Ia Tua dan Malang
Akan tiba saatnya si Tua itu keluar dari papan kayu yang ia sebut dengan amben. Badannya makin kurus sejak Jepang pergi dari desa yang sepenuhnya diisi oleh petani dan seorang kepala desa. Jangan tanya raut wajahnya, hanya kemalangan yang akan hadir di tiap kerut wajah tua itu.
Anaknya telah lama pergi, bukan untuk disengaja, melainkan dibawa truk truk beroda yang dikawal prajurit Nippon sipit bersenjata. Yang Ia ingat dari anaknya adalah pertengkaran hebat dikala si anak ingin menikahi seorang perempuan desa tetangga.
Bukannya ingin menolak, tapi apa dikata nanti, bahwa si anak perempuan adalah anak saudagar yang tak pernah keluar dari kemelaratan.
Ia tak ingin melarang anak semata wayangnya untuk bahagia. Sejak istrinya diperkosa dan dibawa pergi oleh bajingan bajingan sewaan Jepang, dagu anaknya tak pernah tegak barang beberapa centi.
Itu masih untung, setelah ada kabar bahwa istrinya dibunuh dan dibuang ke sungai tak jauh dari kota, si anak lebih banyak mengurung diri.
Sebagai orang tua, Ia ingin melihat anaknya tumbuh dewasa dengan gagah dan bahagia.

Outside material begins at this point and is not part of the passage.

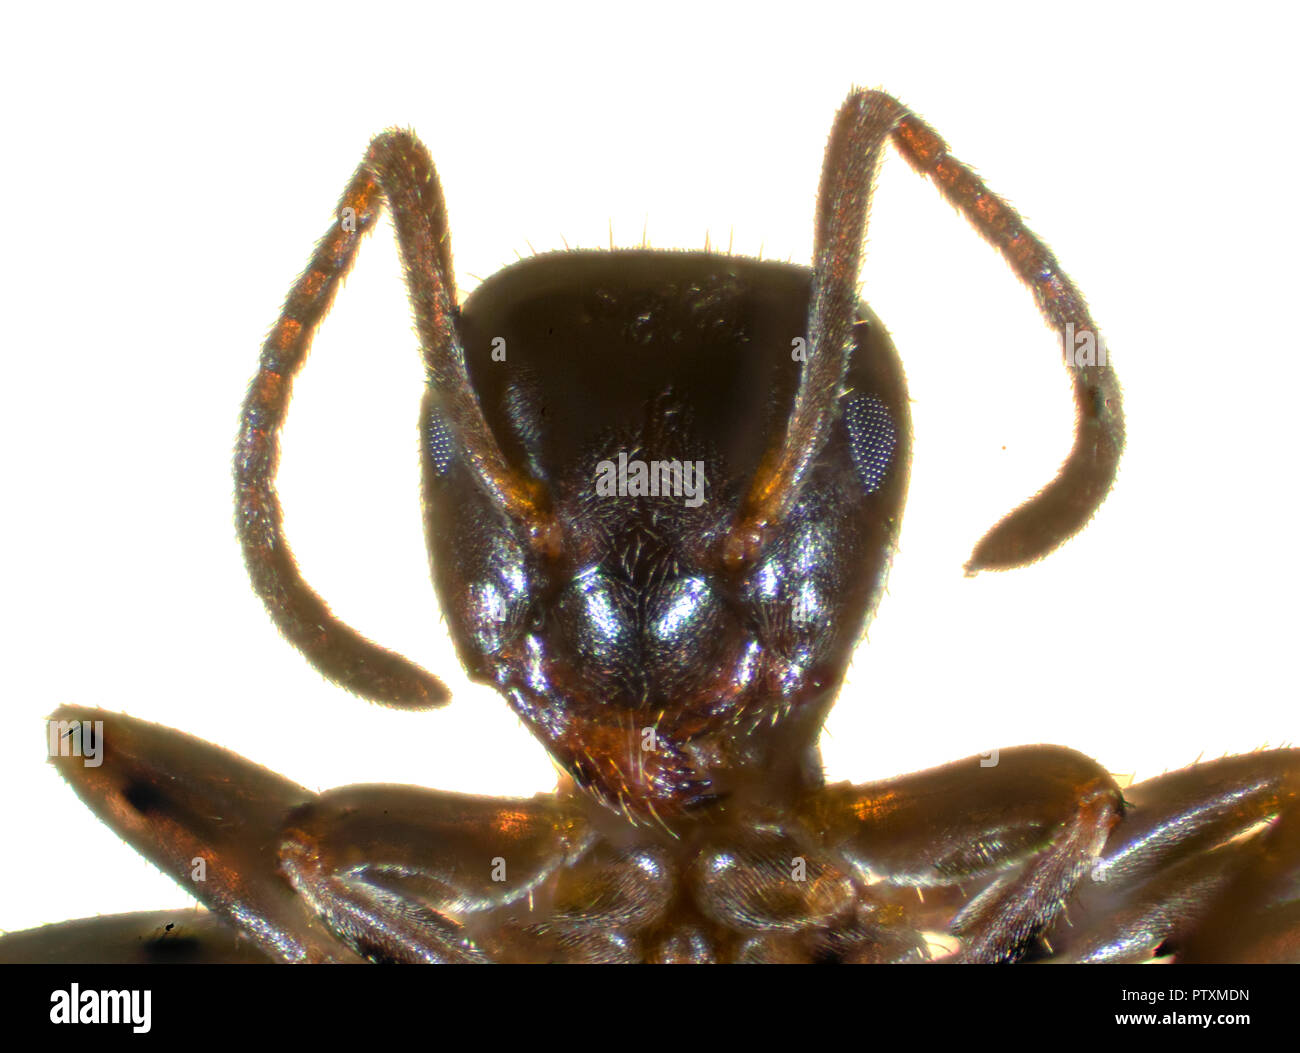 Le jardin noir (Fourmi Lasius niger), également connu sous le nom de la fourmi noire commune, est une formicine ant, l'espèce type du sous-genre Lasius. Banque D'Images

Tapi apa dikata, takdir selalu menuliskan inti cerita di tiap pagi. Belum juga Ia benar benar bisa menghapus kenangan pahit nasib istrinya, anaknya semata wayang, diseret dari rumah dengan ditendang dan dipukul popor senjata.

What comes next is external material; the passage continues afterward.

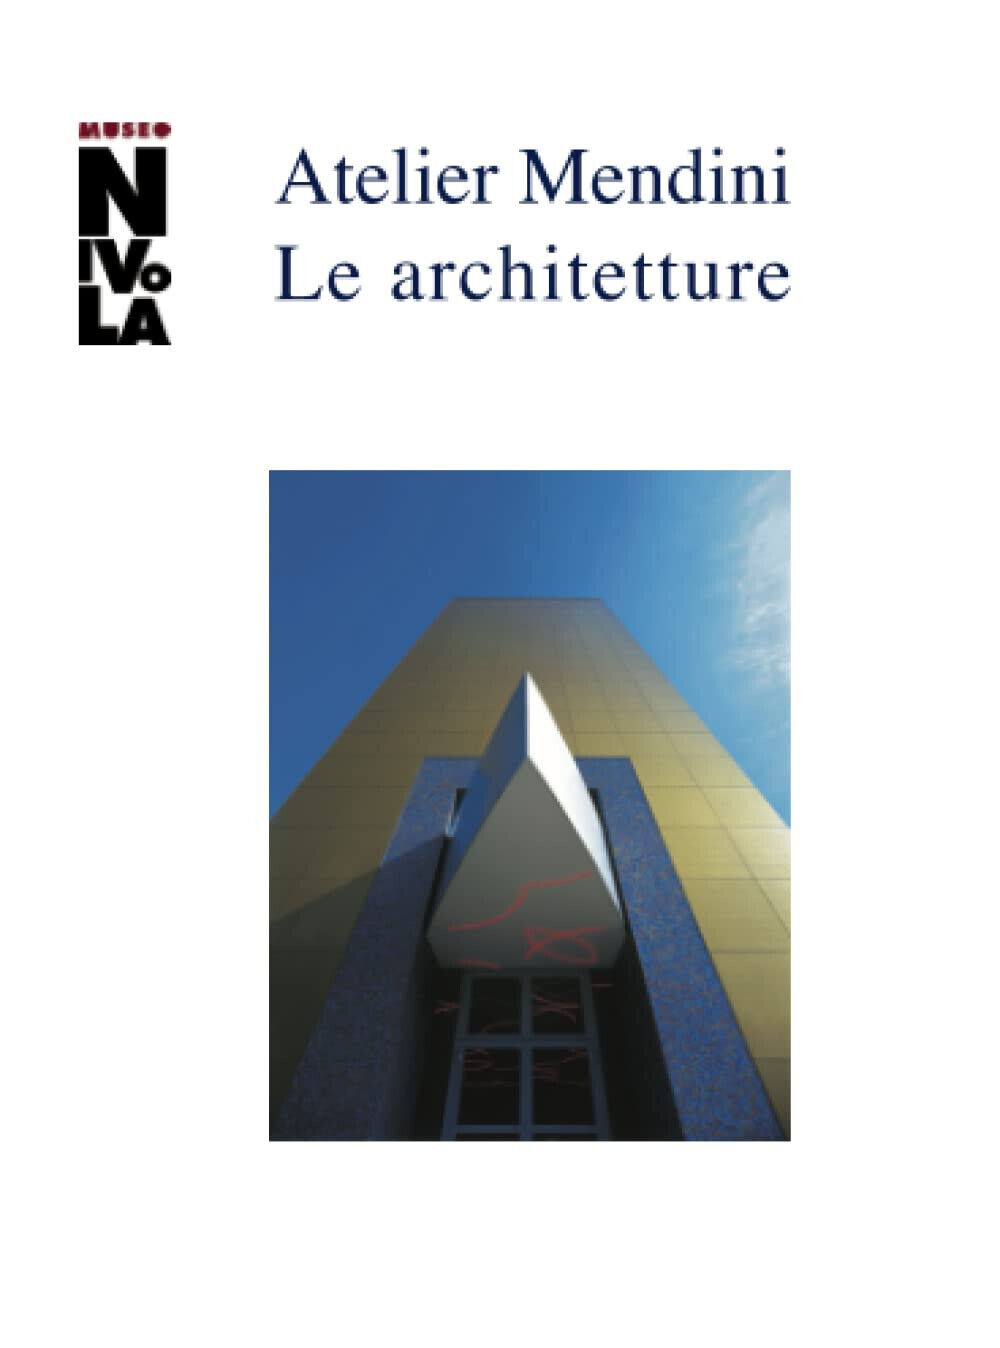 Atelier Mendini. Le architetture - A. Colonetti - Postmedia , 2019

Tangisnya mungkin telah habis, air mata itu benar benar kering. Sekarang, di usia tuanya. Ia ingin menjemput kematian dengan lebih tenang. MenghadapNya dengan malu malu dan sungkan.
Menyepakati dan berdamai dengan hidup melalui celah nasib yang tak pernah benar.
Kemudian, Ia ingin sekarat dengan melihat awan yang masih biru. Daun yang hijau dan rambut keriting. Tibanya nanti, kain kafannya ingin Ia jahit sendiri.
Tanjung Selor, Kaltara
14 Juli 2023
Ditulis di sela sela saat badminton di SP 2. Dekat kantor Polsek dan angin malam yang cukup kencang. Nampaknya akan hujan.